From: Commercial Trust 26 April 2017 14:33 PM

Commercial Trust
This is a very interesting response Simon, and you make some great points. It's quite clear that neither measure (I don't count the revocation of the wear and tear allowance alongside the stamp duty surcharge or finance cost relief restriction) is intended to adversely affect institutional investors, and the government has made no secret that it wishes to encourage this type of investment. Since the publication of the Montague Report in 2012, the government has been overly concerned with how best to encourage institutional investment. Evidently the Treasury and DCLG are convinced that large-scale build-to-let schemes are the way to solve the housing crisis. But to be attractive to institutional investors, the returns from this type of investment need to be predictably high. So either rental returns need to be high (meaning prohibitive rents), property prices need to keep rising, or both. This is why I don't believe the rhetoric of helping first-time buyers. The government and the Bank of England are doing everything in their power to prevent house prices from falling – in other words, becoming affordable. This includes deterring highly-geared investment from private individuals (by restricting buy to let mortgage interest relief) and, potentially, preventing lenders from issuing high-LTV or low-DSCR loans by enabling the Financial Policy Committee to intervene in the sector. So what is the motive?
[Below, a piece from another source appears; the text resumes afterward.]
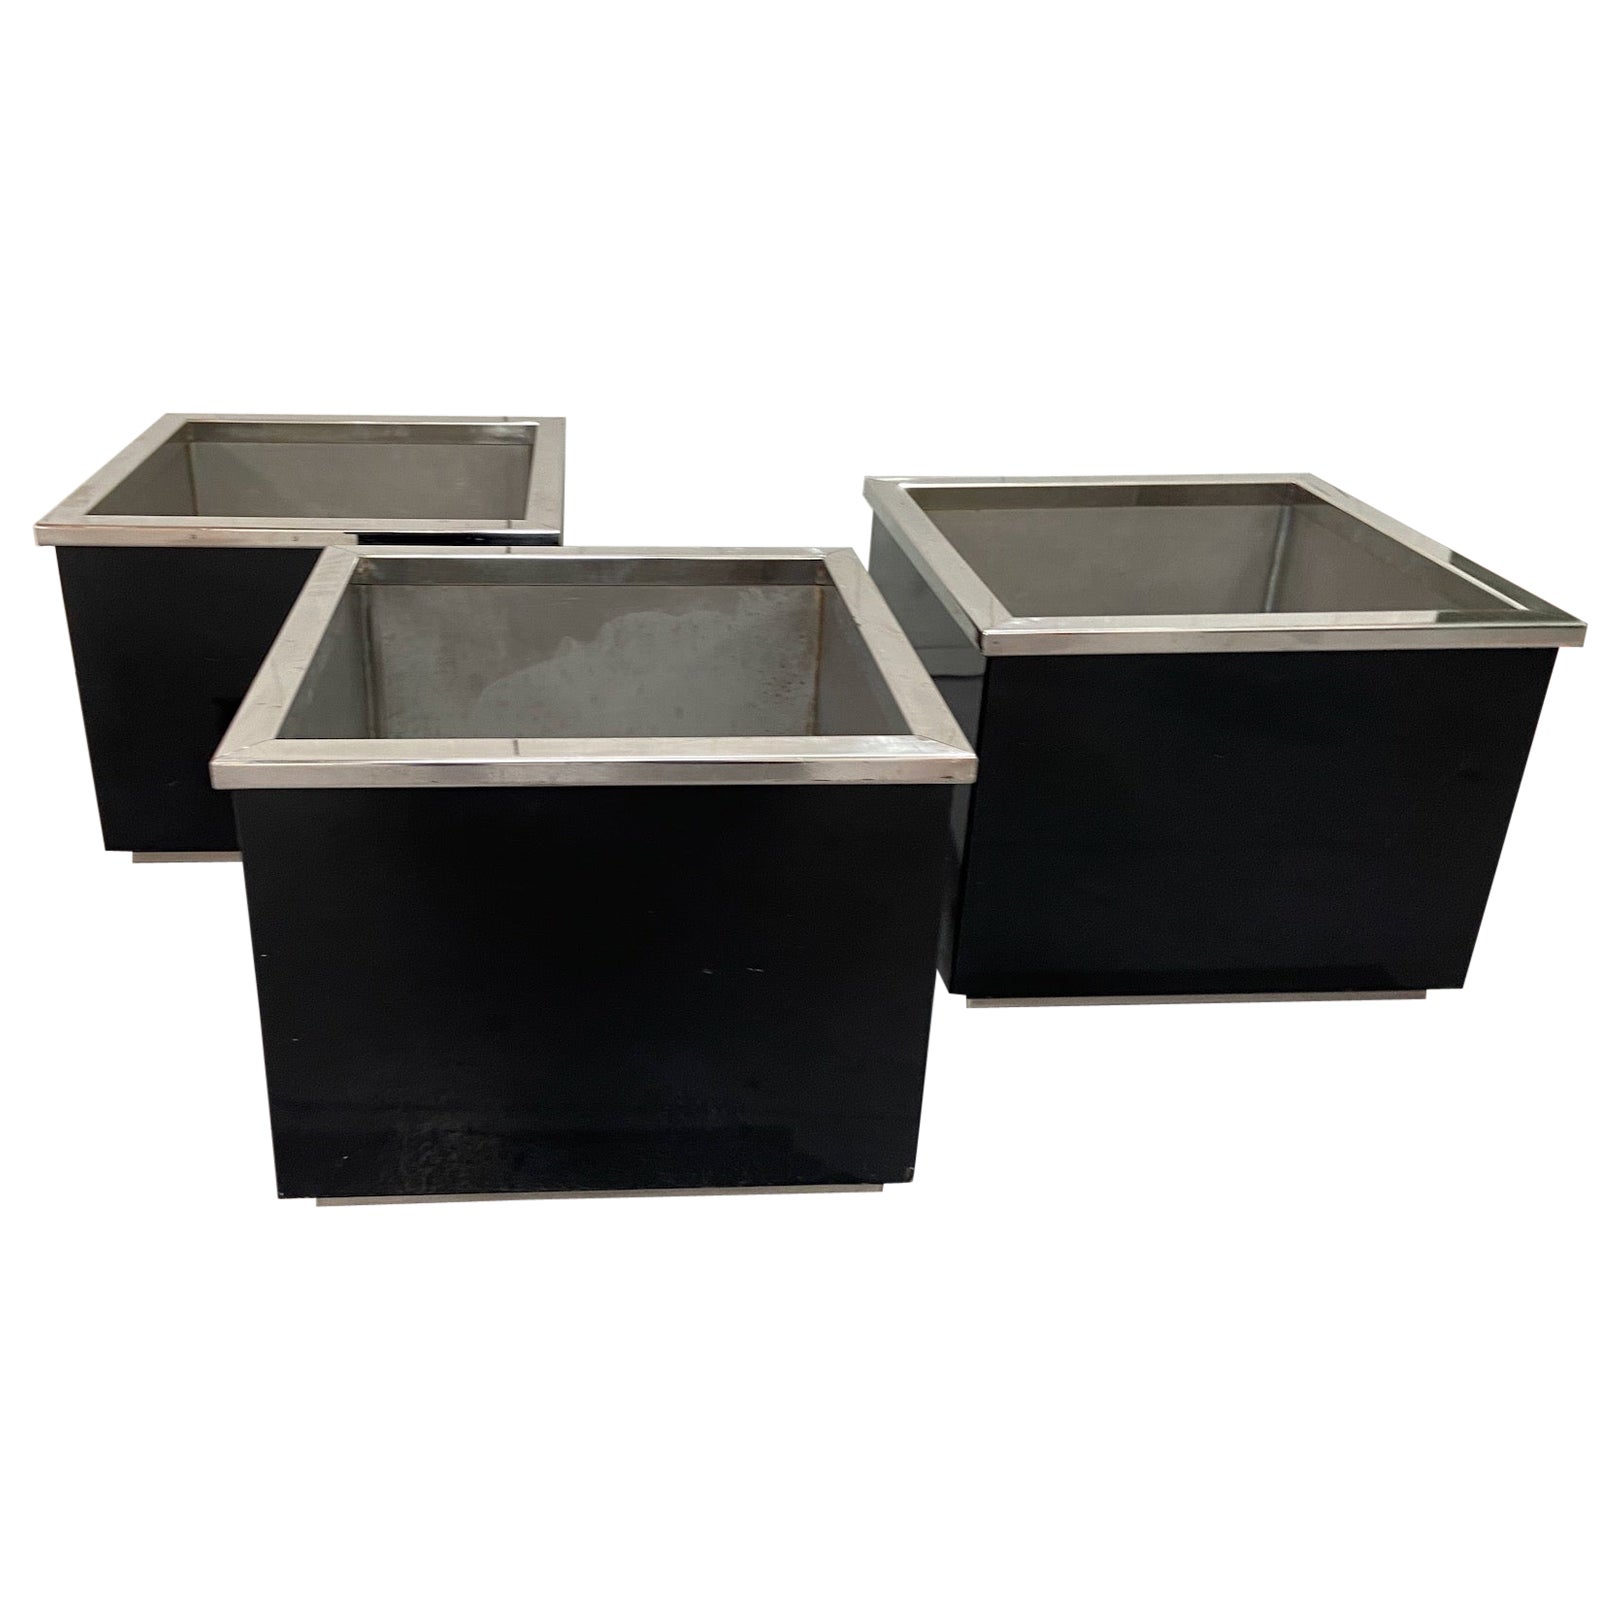 1960s-70s black enamel and chrome metal cubic planters, manner of Willy Rizzo For Sale

Are the government hoping for an exodus of private investors, enabling institutions to snap up the leftover properties on the cheap? Risky, as if house prices fall, they will take the economy with them; owner-occupiers will become less wealthy in relative terms, consumer spending will fall and credit loss rates will rise. (Does this sound familiar?) More likely is that the government hopes to maintain the current status quo vis a vis prices whilst affecting a transition from a privately driven to institutionally driven sector. Thus, large landlords are encouraged to incorporate, whilst small landlords are penalised and encouraged to sell, probably at a loss. In an ideal world, the housing market would offer affordable and flexible accommodation across all tenures, provided by a mixture of private, institutional and social investment. But several decades of gross mismanagement of the nation's housing have, sadly, made this extremely difficult to provide.